Die Produkte enthalten unterschiedliche Bakterien. Und jede probiotische Kultur wirkt im Detail anders, auch wenn sich ihre Mechanismen ähneln. Actimel verkürzt Darm- und Atemwegsinfektionen, LC1 wirkt ähnlich. Activia von Danone verbessert das Wohlbefinden im Darm. Mittlerweile haben fast alle Discounter wie Aldi, Rewe oder Lidl Eigenmarken mit probiotischen Produkten.

Produkte vom Discounter sind oft nicht so gut wissenschaftlich untersucht. Enthalten die Produkte Stämme wie Lactobacillus casei, LA-5 und Bifidobacterium BB12, wirken sie positiv.

Es heißt normaler Naturjoghurt enthalte die gleichen gesunden Bakterien?

Grundsätzlich ja. Es gibt einen entscheidenden Unterschied: Die Bakterien in Naturjoghurt überleben nicht die Verdauungspassage durch den Magen. Die Magensäure zerstört sie. In Probiotika sind dagegen andere Bakterien. Diese sind unempfindlich gegenüber Säure und kommen deshalb problemlos durch den Magen. Die Menge an Bakterien ist in Probiotika oft höher als in normalen Joghurts.

Wie viel Probiotika sollten wir täglich essen?

Ein Fläschchen oder ein Joghurt am Tag. Ich rate, den Drink bzw. Joghurt morgens vor dem Frühstück zu essen. Dann wirken die Bakterienkulturen am besten im Darm. Von möglichem Überdosieren ist nichts bekannt. Wie bei allem ist es nicht gut, es zu übertreiben.

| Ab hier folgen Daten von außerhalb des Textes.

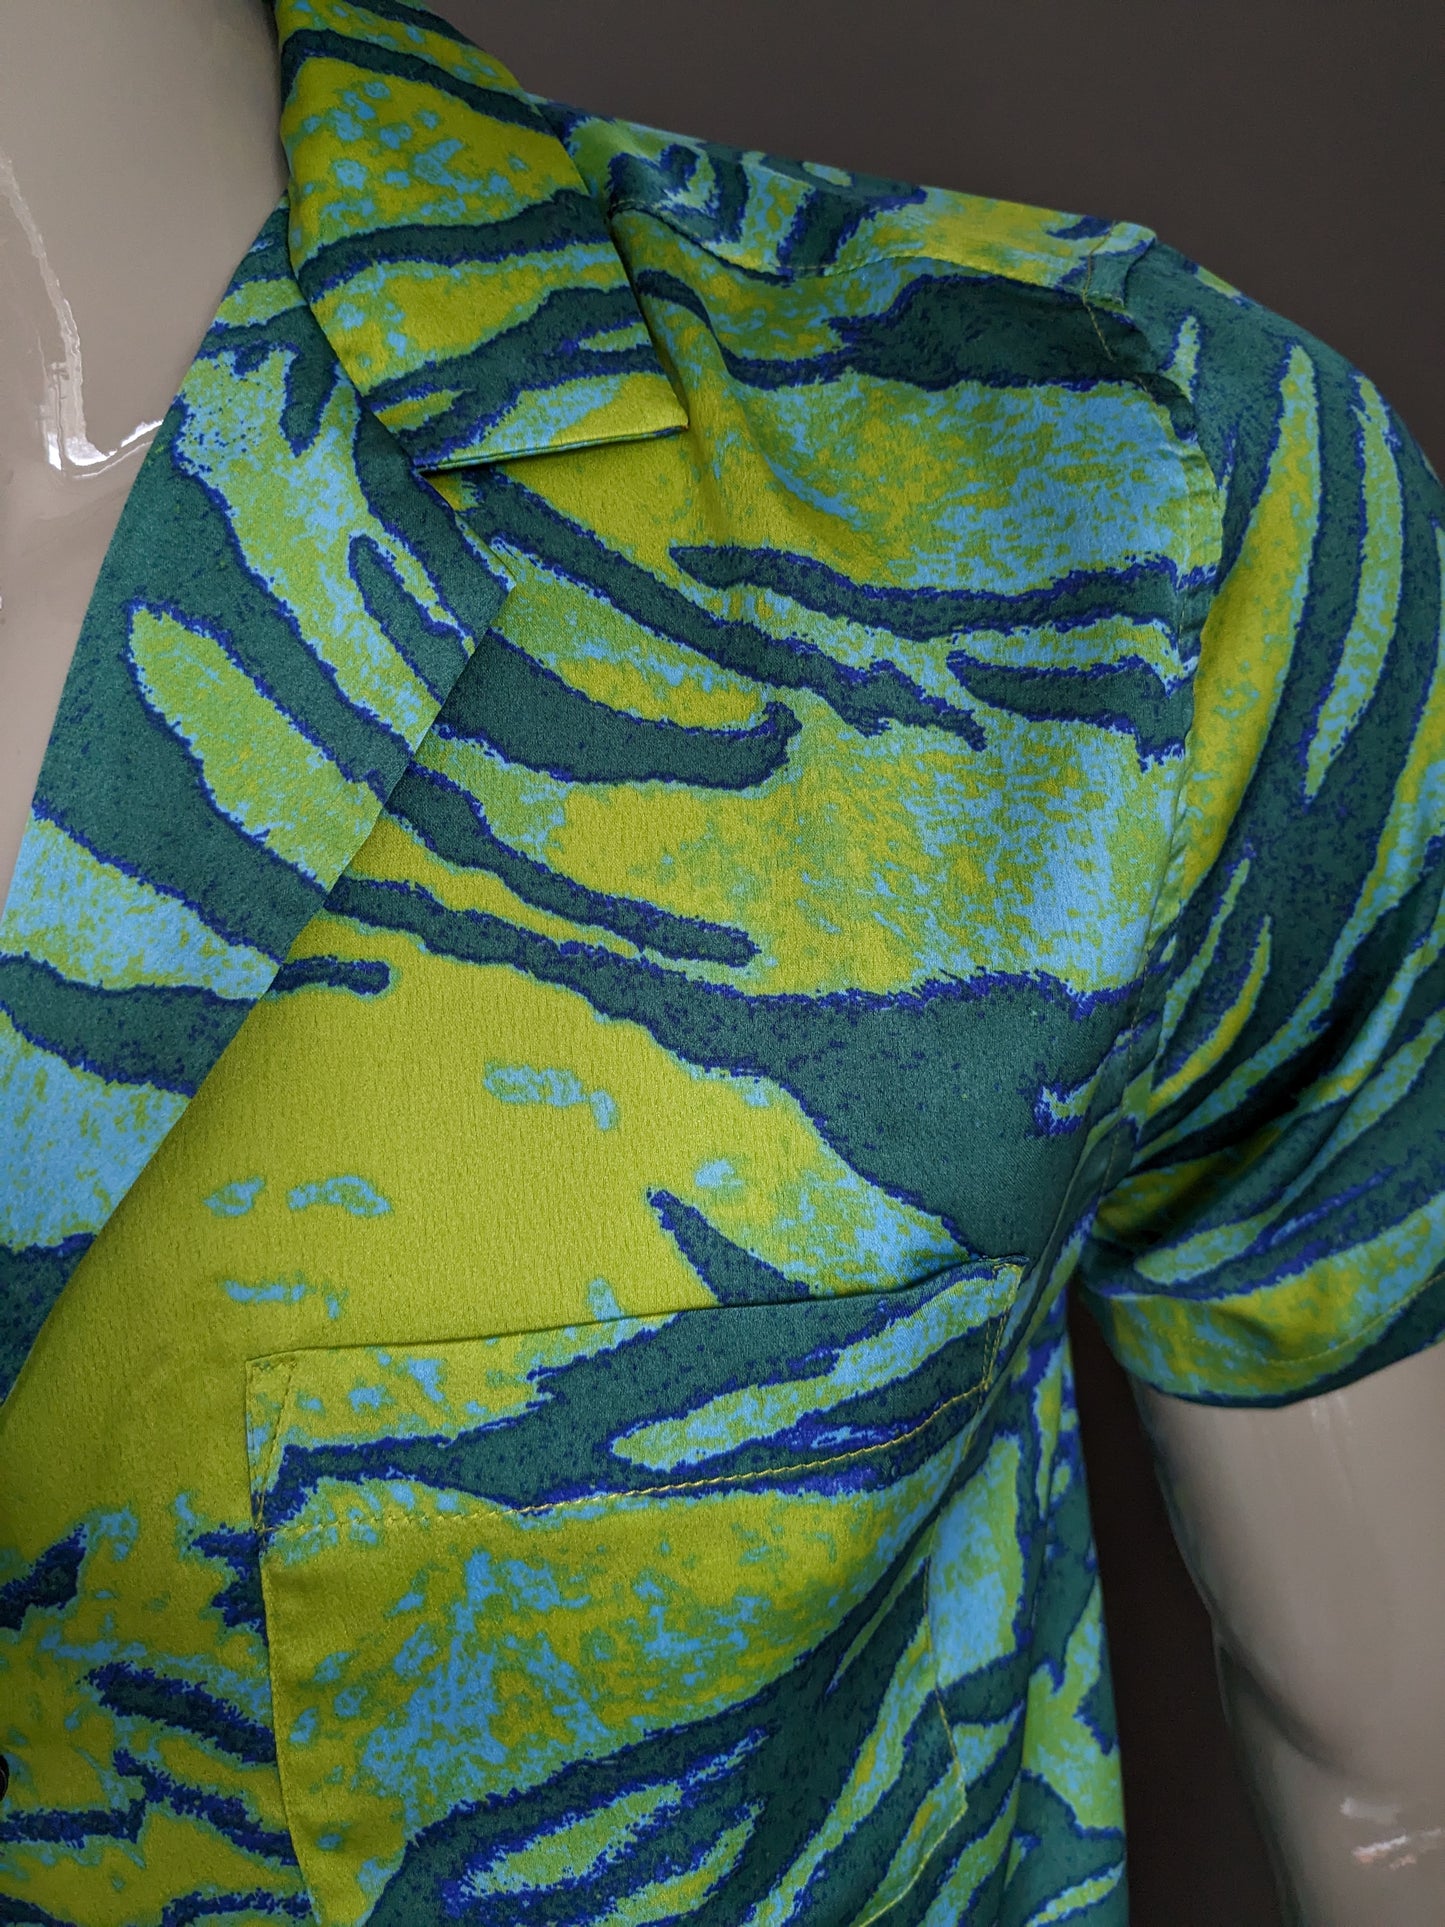 ASOS Design Shirt Short Sleeve. Impression bleu vert. Taille S / M.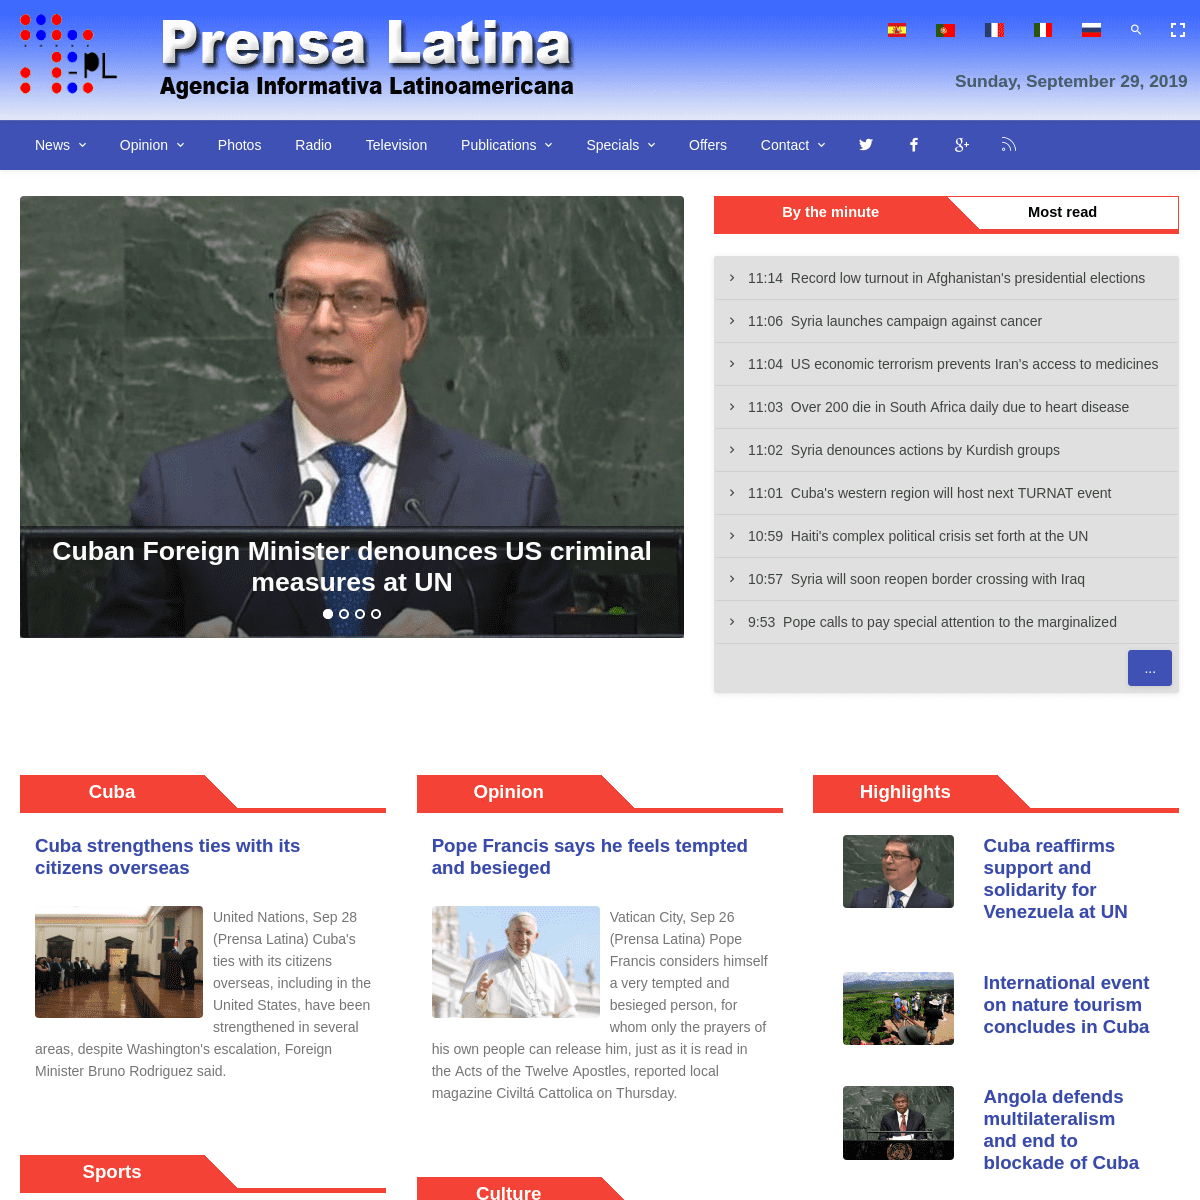 Prensa Latina - Latin American News Agency

Es reichen oft wenige Tage, bis Sie erste Effekte spüren bzw. messen. Die Wirkung hält nur an, solange Sie die probiotischen Produkte regelmäßig verzehren. Probiotische Lebensmittel sind für jeden empfehlenswert. Gesunden Menschen helfen sie, gesund zu bleiben. Bei Beschwerden wie den zuvor genannten wirken Probiotika lindernd. Ich trinke jeden Morgen vor dem Frühstück ein Fläschchen.

Die richtige Kultur ist entscheidend. Etwa 30 probiotische Bakterien-Kulturen sind bekannt und untersucht. – Die Stämme werden oft mit einer Kombination aus Buchstaben und Zahlen bezeichnet, etwa LA-5 oder BB12. – Zum Teil wirken sie sehr ähnlich, zum Teil unterschiedlich. – Wer z. B. Allergiebeschwerden hat, dem hilft Lactobacillus casei DN-114001.

Probiotisch: Das sagt das Gesetz

Die Verwendung des Begriffs „probiotisch“ bzw. „Probiotika“ ist gesetzlich nicht klar geregelt. Es handelt sich um eine sogenannte nährwertbezogene Angabe, die Verbrauchern einen gesundheitlichen Zusatznutzen verspricht. Deshalb weist der Hersteller nach, dass das Produkt die probiotischen Bakterien in „signifikanten“ Mengen enthält.